_PROBLEM_
From the line holding "Рюкзак молодежный GRIZZLY с" to the final line of the entries, set down each line exactly, including both, and nothing more.

+ + +

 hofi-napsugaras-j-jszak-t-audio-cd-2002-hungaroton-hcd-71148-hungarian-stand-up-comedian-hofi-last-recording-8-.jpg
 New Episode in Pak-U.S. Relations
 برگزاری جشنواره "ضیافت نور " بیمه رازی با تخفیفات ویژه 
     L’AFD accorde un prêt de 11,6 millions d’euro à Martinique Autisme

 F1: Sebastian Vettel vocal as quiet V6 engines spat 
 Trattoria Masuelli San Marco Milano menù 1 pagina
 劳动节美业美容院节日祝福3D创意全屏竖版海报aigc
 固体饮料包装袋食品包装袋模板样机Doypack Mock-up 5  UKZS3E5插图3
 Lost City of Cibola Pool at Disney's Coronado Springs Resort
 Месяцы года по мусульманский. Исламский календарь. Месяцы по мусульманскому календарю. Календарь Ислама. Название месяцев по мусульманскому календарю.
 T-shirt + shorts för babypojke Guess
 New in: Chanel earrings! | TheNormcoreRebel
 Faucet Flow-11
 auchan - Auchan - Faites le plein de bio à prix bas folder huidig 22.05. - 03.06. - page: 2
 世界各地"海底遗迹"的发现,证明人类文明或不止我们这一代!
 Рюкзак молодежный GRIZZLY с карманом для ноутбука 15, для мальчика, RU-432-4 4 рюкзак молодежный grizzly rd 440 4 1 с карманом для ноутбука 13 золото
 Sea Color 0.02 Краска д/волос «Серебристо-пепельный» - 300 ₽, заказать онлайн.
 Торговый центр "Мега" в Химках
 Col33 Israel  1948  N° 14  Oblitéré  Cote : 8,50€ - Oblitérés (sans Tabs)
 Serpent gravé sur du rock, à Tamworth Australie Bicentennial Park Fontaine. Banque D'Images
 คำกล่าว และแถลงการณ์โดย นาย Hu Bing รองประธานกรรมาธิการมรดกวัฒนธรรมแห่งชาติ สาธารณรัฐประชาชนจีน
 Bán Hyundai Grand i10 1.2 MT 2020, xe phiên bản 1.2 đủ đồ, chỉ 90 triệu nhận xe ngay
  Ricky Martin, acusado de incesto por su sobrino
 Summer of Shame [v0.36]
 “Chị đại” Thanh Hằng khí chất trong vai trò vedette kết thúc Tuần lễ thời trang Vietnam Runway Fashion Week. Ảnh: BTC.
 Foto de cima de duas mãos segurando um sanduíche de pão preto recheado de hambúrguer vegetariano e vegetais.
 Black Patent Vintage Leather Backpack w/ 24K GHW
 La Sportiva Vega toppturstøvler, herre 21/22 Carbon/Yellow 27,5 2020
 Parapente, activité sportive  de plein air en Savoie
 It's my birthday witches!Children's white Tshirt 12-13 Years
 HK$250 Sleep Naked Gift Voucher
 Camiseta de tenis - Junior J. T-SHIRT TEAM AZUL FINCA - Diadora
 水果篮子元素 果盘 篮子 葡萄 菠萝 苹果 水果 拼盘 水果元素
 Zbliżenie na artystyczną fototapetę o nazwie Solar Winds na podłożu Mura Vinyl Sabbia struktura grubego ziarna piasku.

+ + +

_EXPECTED ANSWER_
 Рюкзак молодежный GRIZZLY с карманом для ноутбука 15, для мальчика, RU-432-4 4 рюкзак молодежный grizzly rd 440 4 1 с карманом для ноутбука 13 золото
 Sea Color 0.02 Краска д/волос «Серебристо-пепельный» - 300 ₽, заказать онлайн.
 Торговый центр "Мега" в Химках
 Col33 Israel  1948  N° 14  Oblitéré  Cote : 8,50€ - Oblitérés (sans Tabs)
 Serpent gravé sur du rock, à Tamworth Australie Bicentennial Park Fontaine. Banque D'Images
 คำกล่าว และแถลงการณ์โดย นาย Hu Bing รองประธานกรรมาธิการมรดกวัฒนธรรมแห่งชาติ สาธารณรัฐประชาชนจีน
 Bán Hyundai Grand i10 1.2 MT 2020, xe phiên bản 1.2 đủ đồ, chỉ 90 triệu nhận xe ngay
  Ricky Martin, acusado de incesto por su sobrino
 Summer of Shame [v0.36]
 “Chị đại” Thanh Hằng khí chất trong vai trò vedette kết thúc Tuần lễ thời trang Vietnam Runway Fashion Week. Ảnh: BTC.
 Foto de cima de duas mãos segurando um sanduíche de pão preto recheado de hambúrguer vegetariano e vegetais.
 Black Patent Vintage Leather Backpack w/ 24K GHW
 La Sportiva Vega toppturstøvler, herre 21/22 Carbon/Yellow 27,5 2020
 Parapente, activité sportive  de plein air en Savoie
 It's my birthday witches!Children's white Tshirt 12-13 Years
 HK$250 Sleep Naked Gift Voucher
 Camiseta de tenis - Junior J. T-SHIRT TEAM AZUL FINCA - Diadora
 水果篮子元素 果盘 篮子 葡萄 菠萝 苹果 水果 拼盘 水果元素
 Zbliżenie na artystyczną fototapetę o nazwie Solar Winds na podłożu Mura Vinyl Sabbia struktura grubego ziarna piasku.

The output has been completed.